Dataset excerpt START

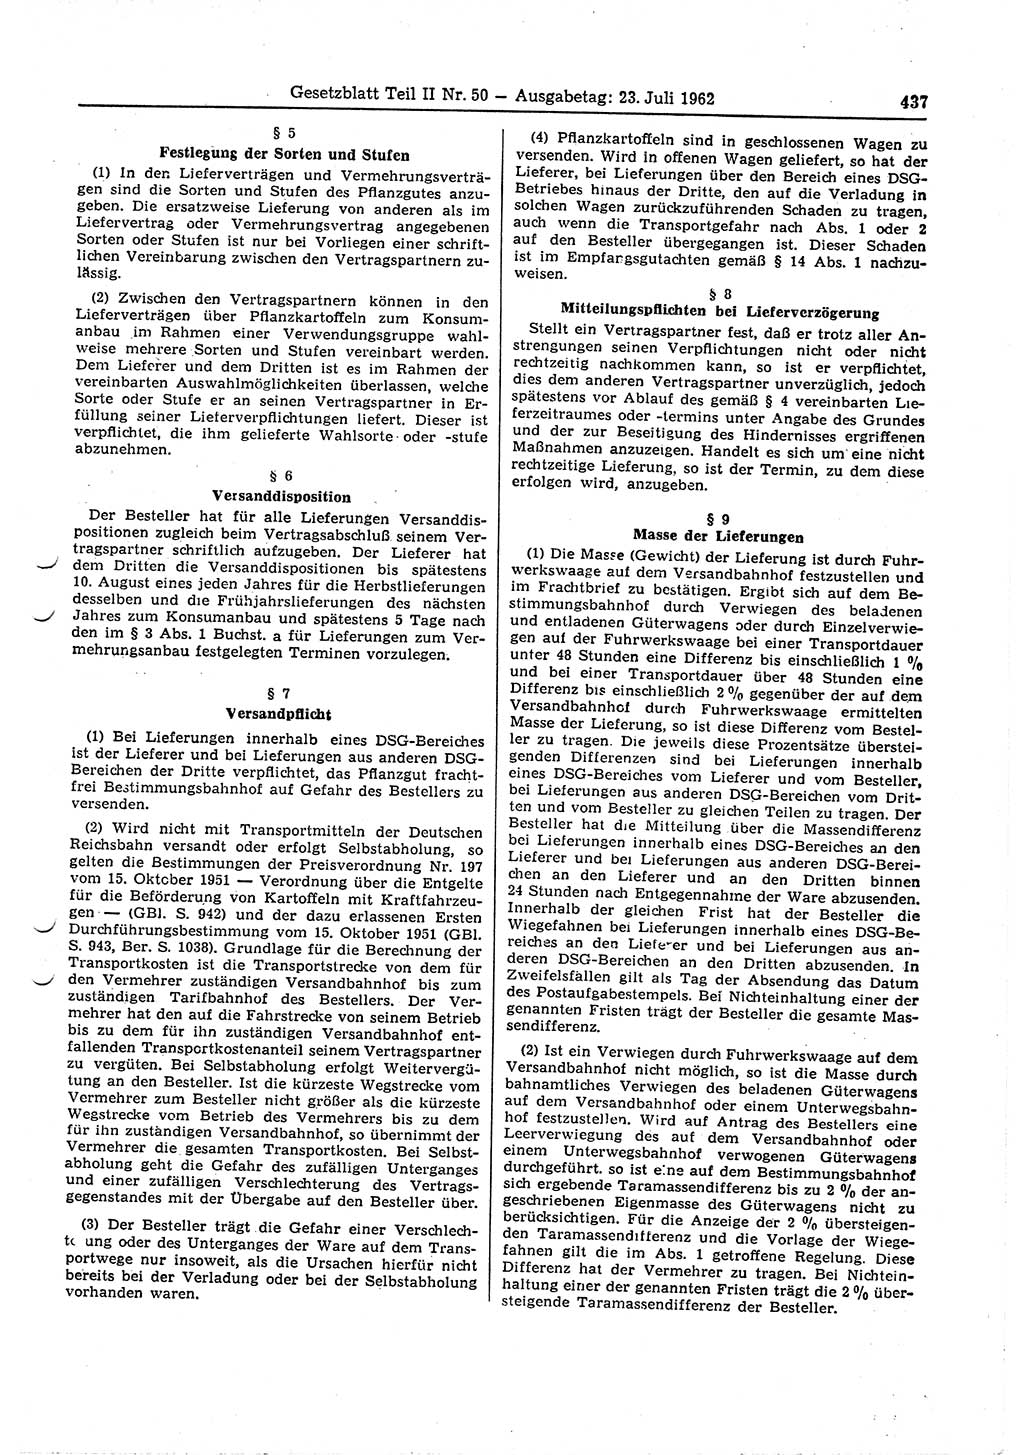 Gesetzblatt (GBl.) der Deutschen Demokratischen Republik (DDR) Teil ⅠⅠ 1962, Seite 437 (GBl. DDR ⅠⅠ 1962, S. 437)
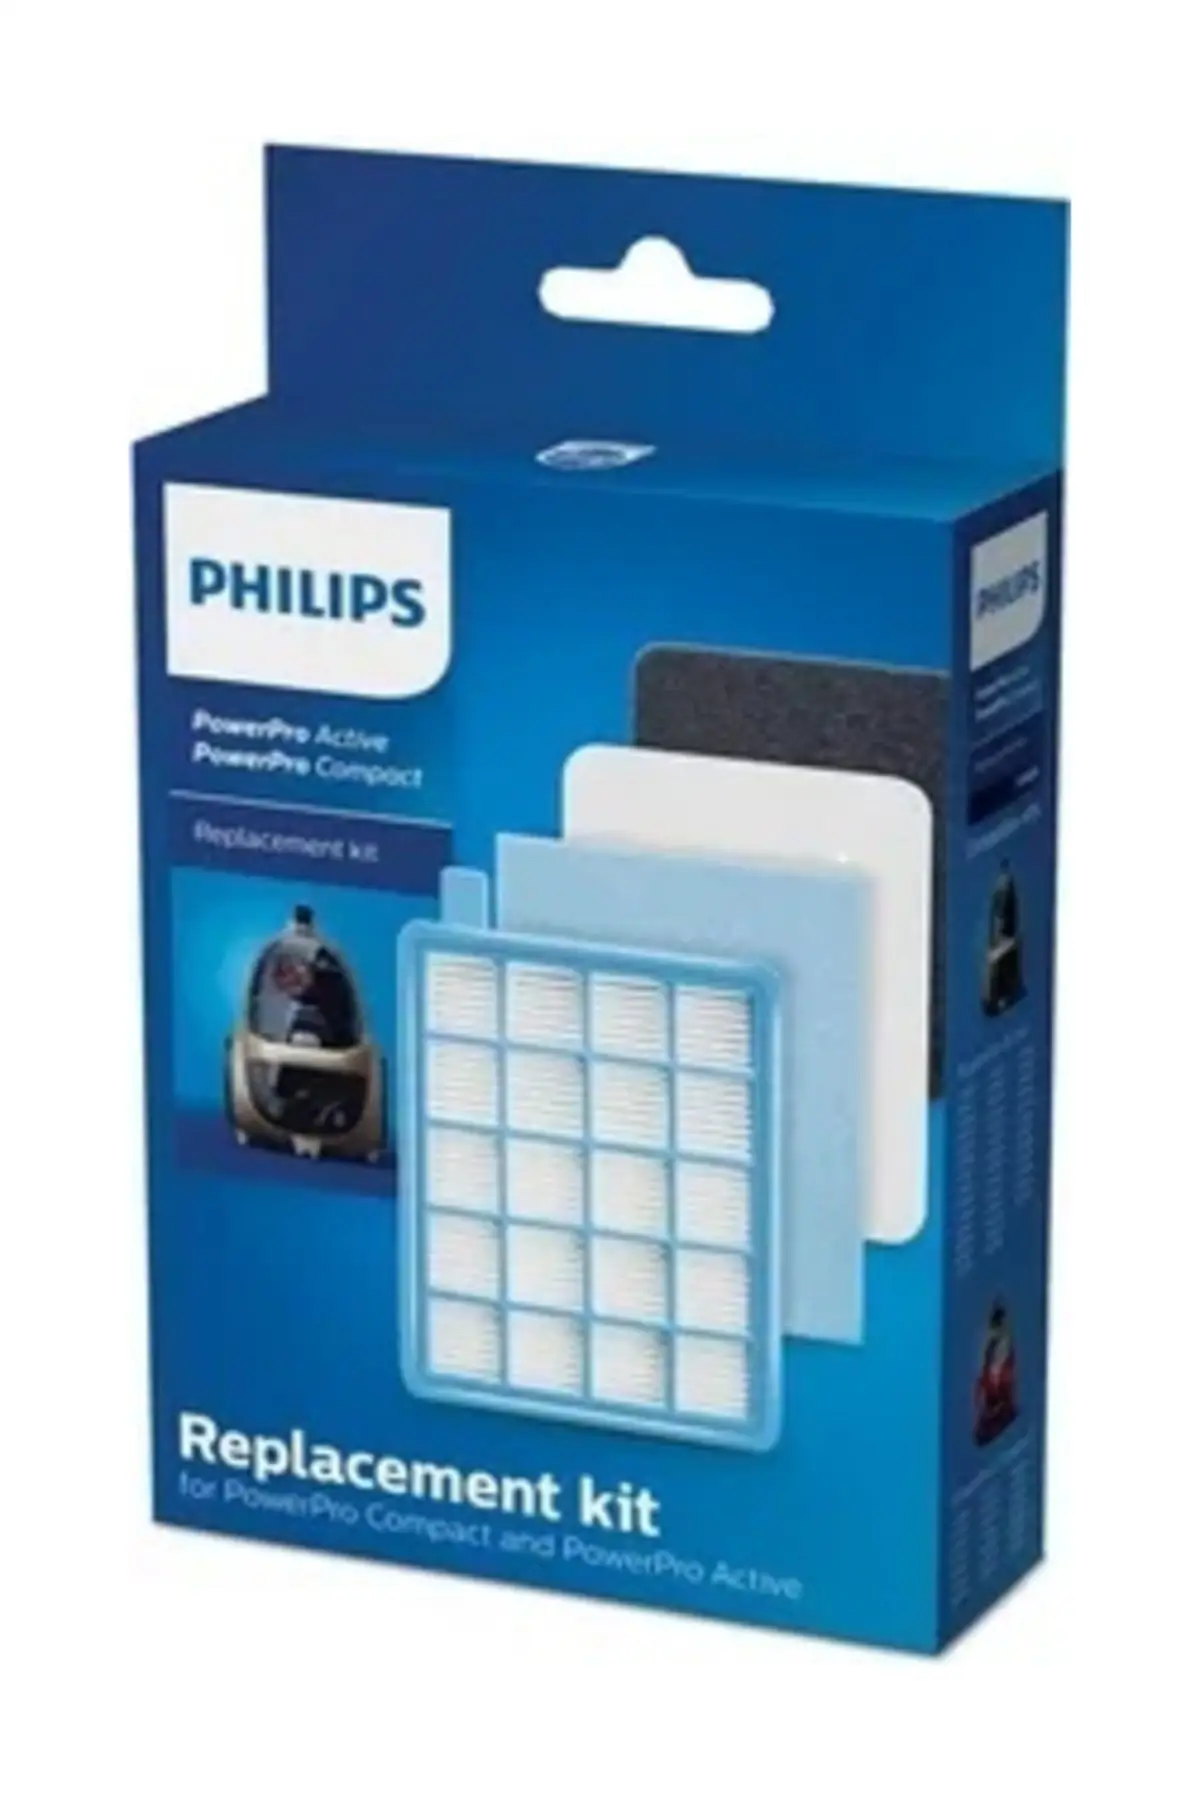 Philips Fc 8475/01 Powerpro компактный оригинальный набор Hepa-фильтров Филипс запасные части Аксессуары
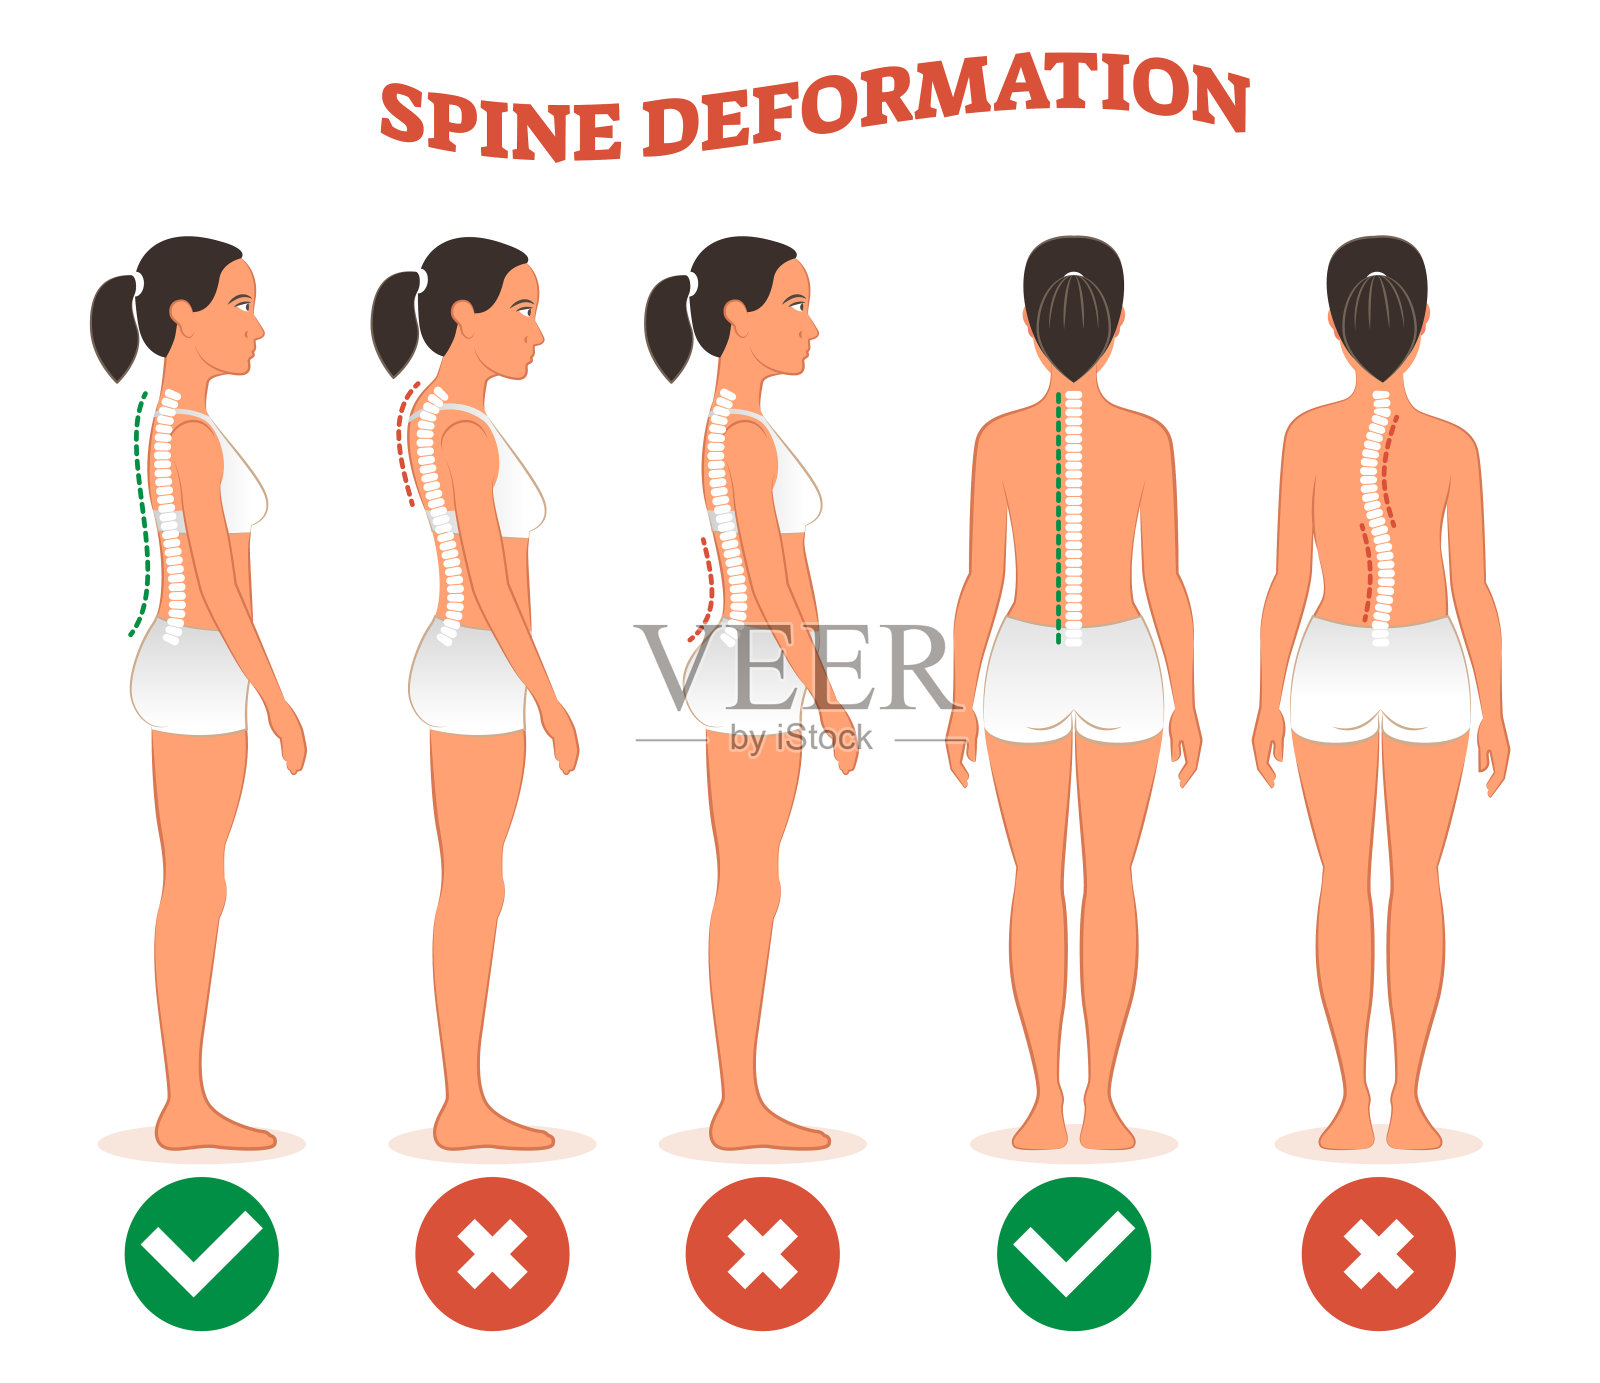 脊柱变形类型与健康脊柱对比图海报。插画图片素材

Dataset excerpt END

* Task to complete: Copy every line above word for word and exclude the pictures.

* Solution for this exercise:
 Gesetzblatt (GBl.) der Deutschen Demokratischen Republik (DDR) Teil ⅠⅠ 1962, Seite 437 (GBl. DDR ⅠⅠ 1962, S. 437)
 Philips Fc 8475/01 Powerpro компактный оригинальный набор Hepa-фильтров Филипс запасные части Аксессуары
 脊柱变形类型与健康脊柱对比图海报。插画图片素材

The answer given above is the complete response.